News and rumors about the future direction of the F1 calendar focused on Northern Europe this month, with a visit to Denmark from new F1 boss Chase Carey, Nurburgring back in the frame for 2019 and Dutch MotoGP circuit Assen inspected as a potential host of the Dutch Grand Prix.

 Several stories also emerged this month after the annual meeting of F1’s race promoters in London, including a new proposal for a street race in Hanoi, the capital of Vietnam. Ex-F1 team boss David Richards also threw his support behind keeping the British Grand Prix on the calendar beyond 2019. In other news, the US State Department issued a new travel advisory on January 11 which includes Azerbaijan in a list of countries with an increased security threat. “Terrorist groups continue plotting possible attacks in Azerbaijan,” the advisory said. Finally, Liberty Media is also reportedly considering shifting the start times for most F1 races back by 70 minutes in 2018 (from 14:00 to 15:10) to boost TV audiences.

Nurburgring to return to F1 calendar?

Mirco Markfort, the CEO of Nurburgring, has confirmed that he has spoken with Liberty Media about bringing the historic circuit back to the F1 calendar as early as 2019, according to Autosport. A previous race-sharing agreement which saw the German Grand Prix alternate between the Nurburgring and Hockenheimring collapsed in 2013 due to financial issues at the Nurburgring that eventually resulted in the circuit changing hands. “We really would appreciate to have Formula 1 back at the Nurburgring in 2019,” Markfort told Autosport. “This will only be possible if we take meaningful economic surrounding conditions into consideration.”

Chase Carey visits Copenhagen

The Daily Mail was one of many news outlets reporting on Formula 1 Chairman Chase Carey’s visit to Copenhagen, as plans for a 2020 race on the streets of the Danish capital pick up steam. After meeting with the Mayor, Carey said “we’re excited about the opportunity to explore a potential race here in Denmark. I think Copenhagen represents the type of location that we think can really provide a great platform.” The presence of Danish driver Kevin Magnussen on the current F1 grid (plus two Finns and a Swede) also boosts the chances of a race being a success. The last race in Scandinavia was the Swedish Grand Prix from 1973-1978.

Vietnam in the frame

Forbes reports that talks are ongoing about holding a race in Vietnam, but that significant obstacles remain to realizing the latest proposal for a street race in the capital, Hanoi. This is not the first time that Vietnam has been mentioned as a potential host for F1. Bernie Ecclestone reportedly turned down an offer to sign a ten-year contract with race promoters in Vietnam before he was replaced as F1 boss last year, mainly because “[Vietnam] hasn’t got any racing history at all.”

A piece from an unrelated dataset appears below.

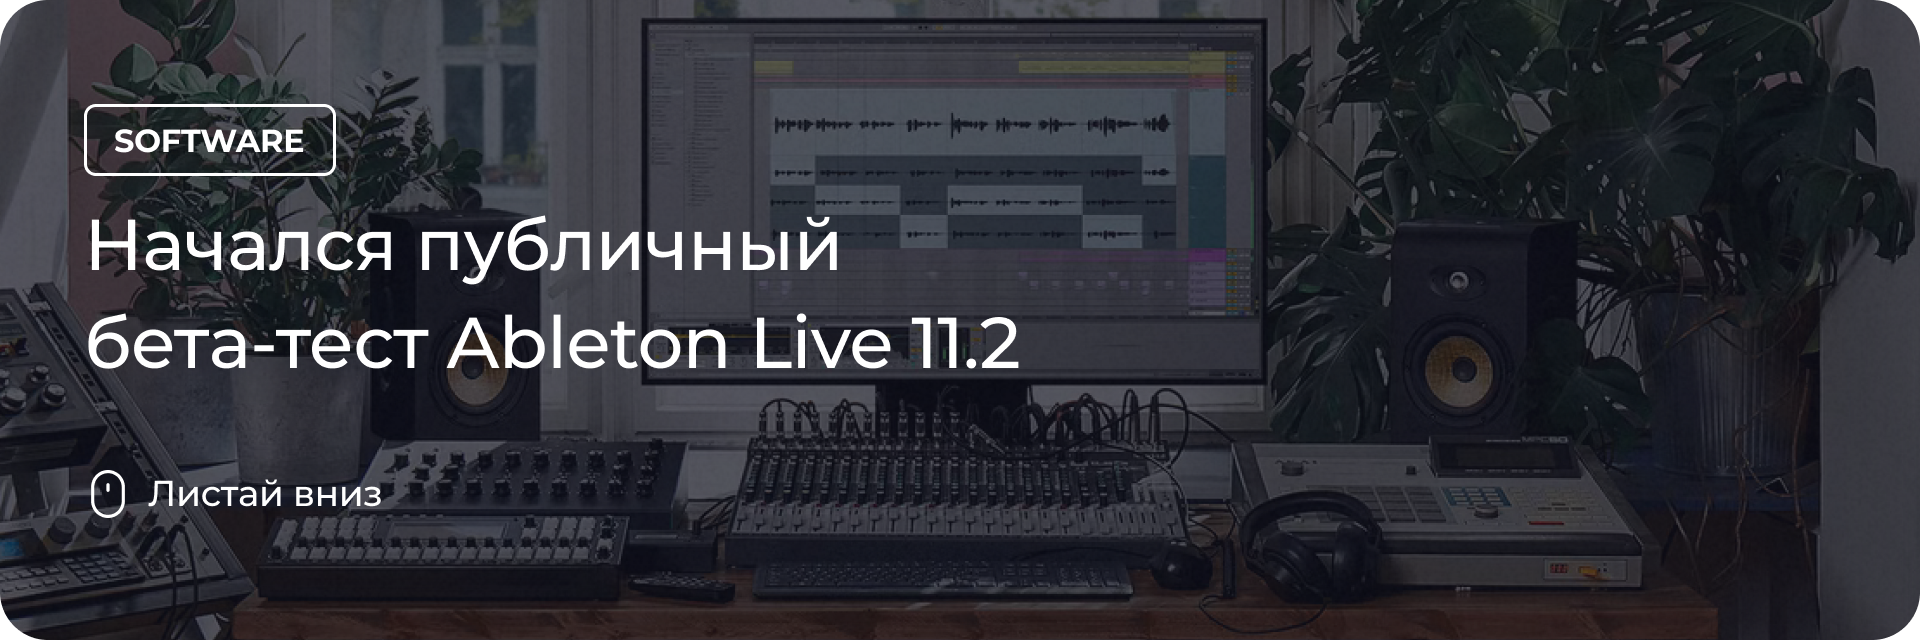 Начался публичный бета-тест Ableton Live 11.2
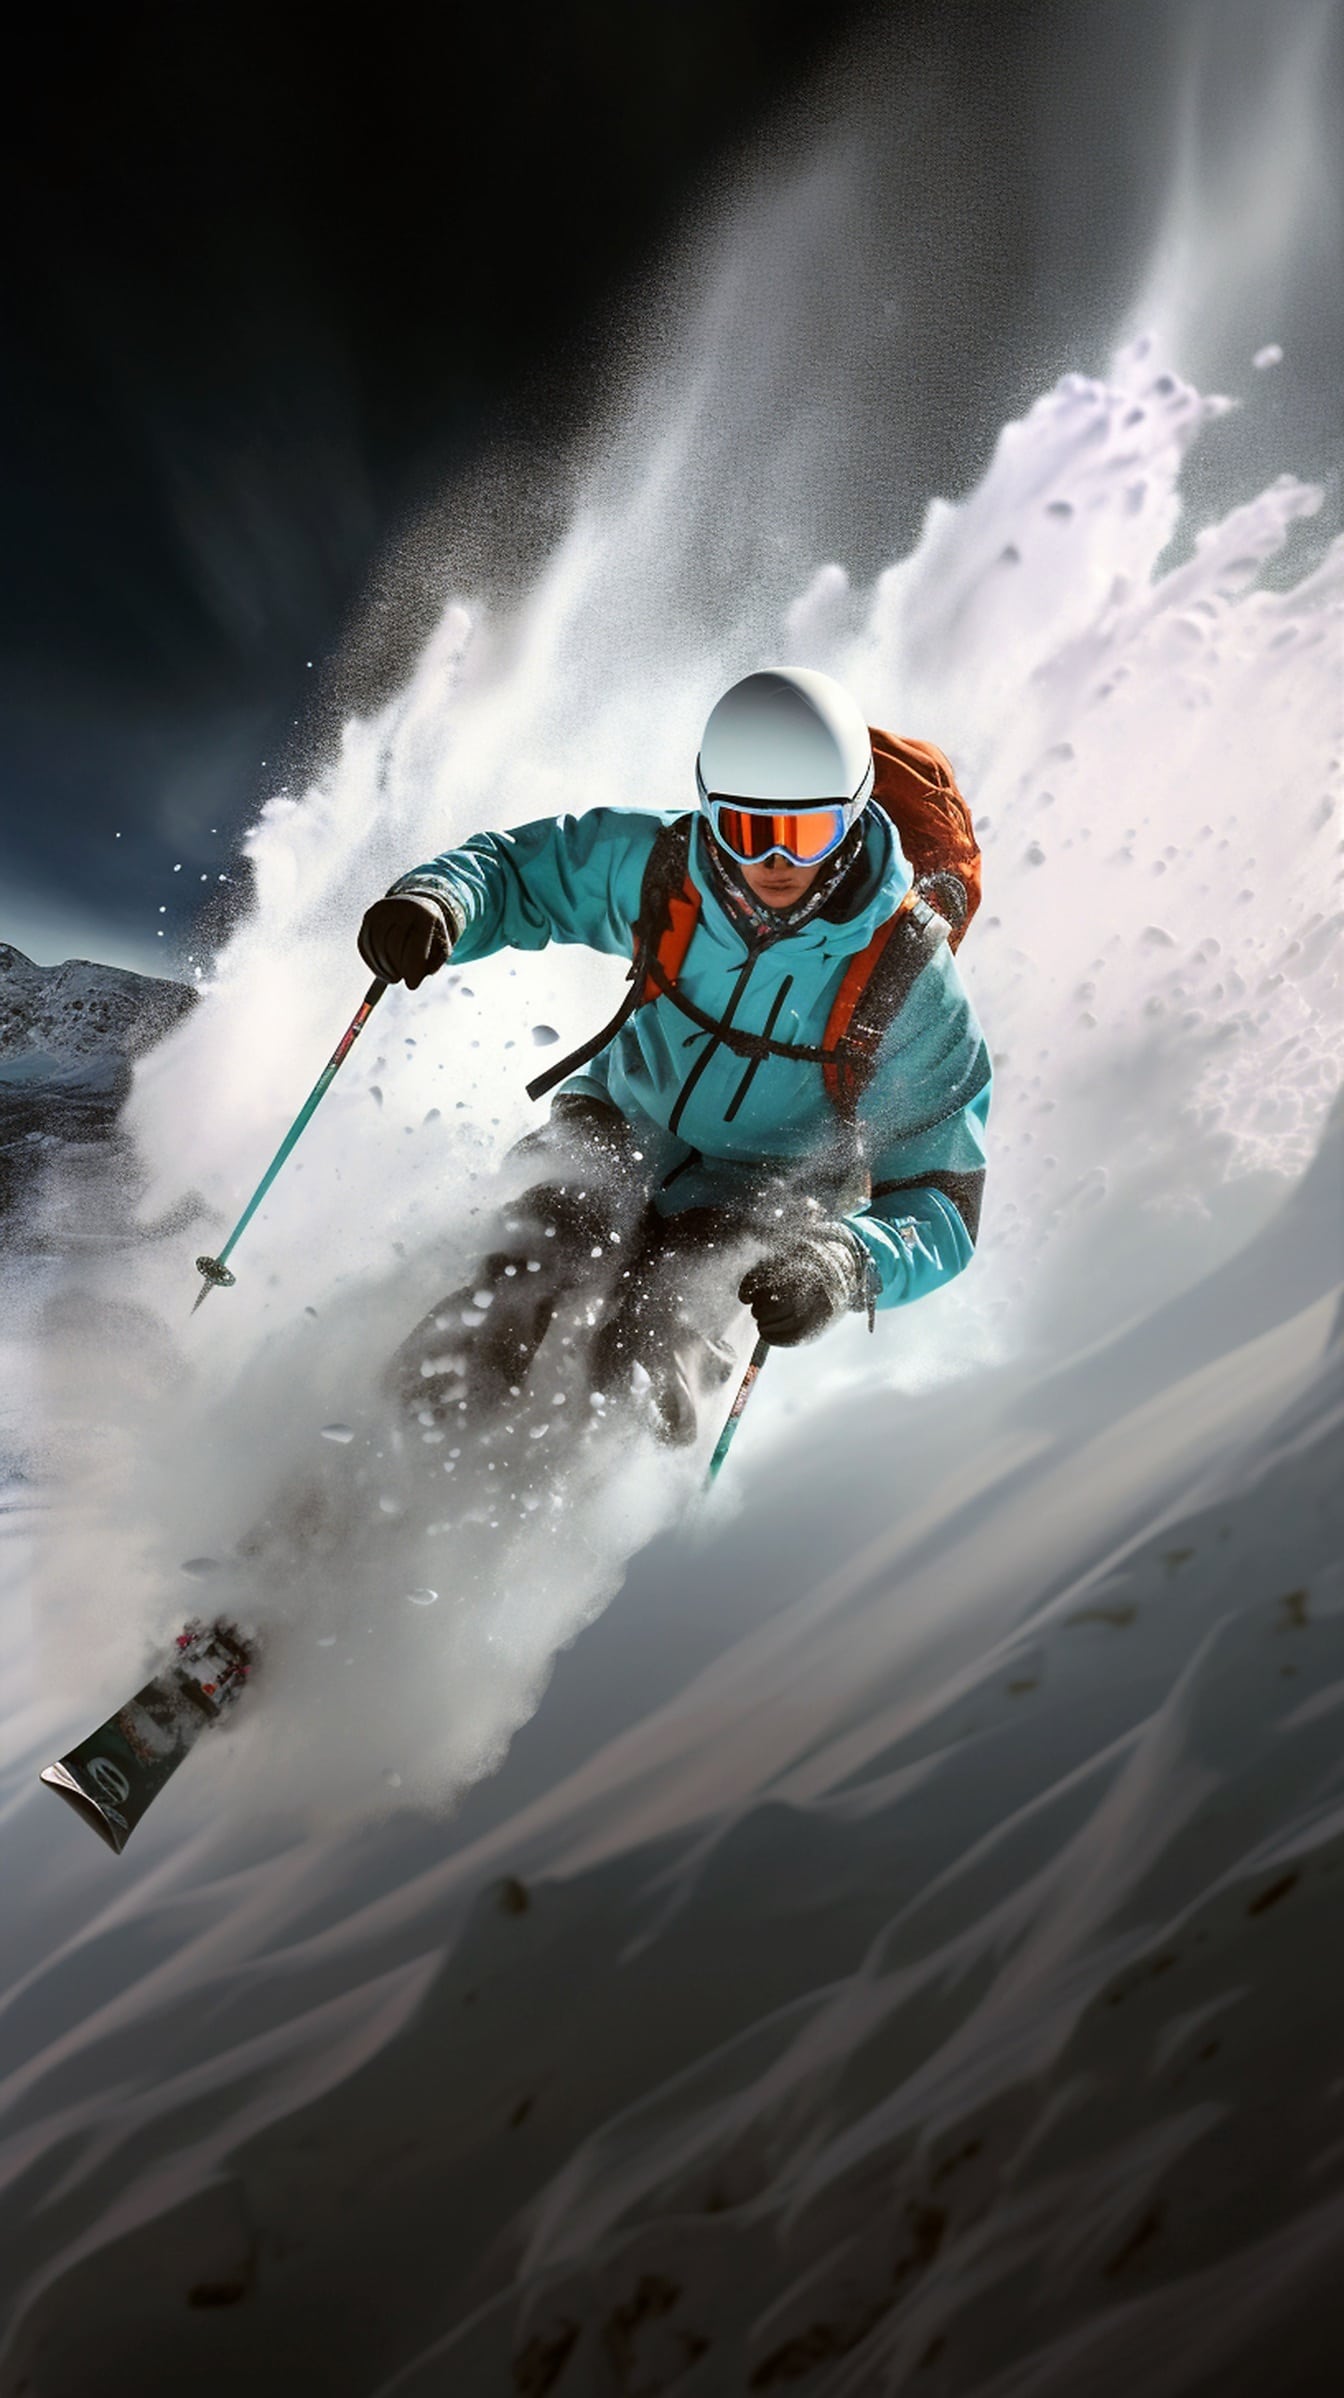 Gros plan d’un skieur de sports extrêmes skiant sur une montagne enneigée

Ensuring the long-term future of the British Grand Prix

In his new role as Chairman of Britain’s Motor Sport Association (MSA), David Richards (ex-boss of Benetton and BAR) said “it would be a significant threat to the position of British motorsport not to have a round of the Formula 1 world championship in this country.” The British Racing Drivers Club (BRDC), which owns Silverstone, activated a break clause in its F1 contract last year, claiming the high annual contract fee (which increases each year) is making the event unprofitable. If no solution is found, the 2019 British Grand Prix will be the last event held. “The MSA will do what it can to ensure the Grand Prix’s long-term future in this country,” said Richards. [Source F1i.com]

Dutch Grand Prix rumours intensify

The push to bring F1 back to the Netherlands for the first time in over 30 years continues to gain traction, according to DutchNews.nl. Earlier this month, F1 race director Charlie Whiting inspected the Assen circuit, which is best known for hosting MotoGP in recent years, declaring that only minor changes are needed to bring it up to speed for Formula 1. “It’s extremely good to hear that Charlie Whiting is also very happy with the track, the modern facilities and the level of maintenance,” said Assen circuit boss Arjan Bos. “His positive judgement is an important step in the right direction to get Formula 1 back to the Netherlands, but we are not there yet. Far from it.”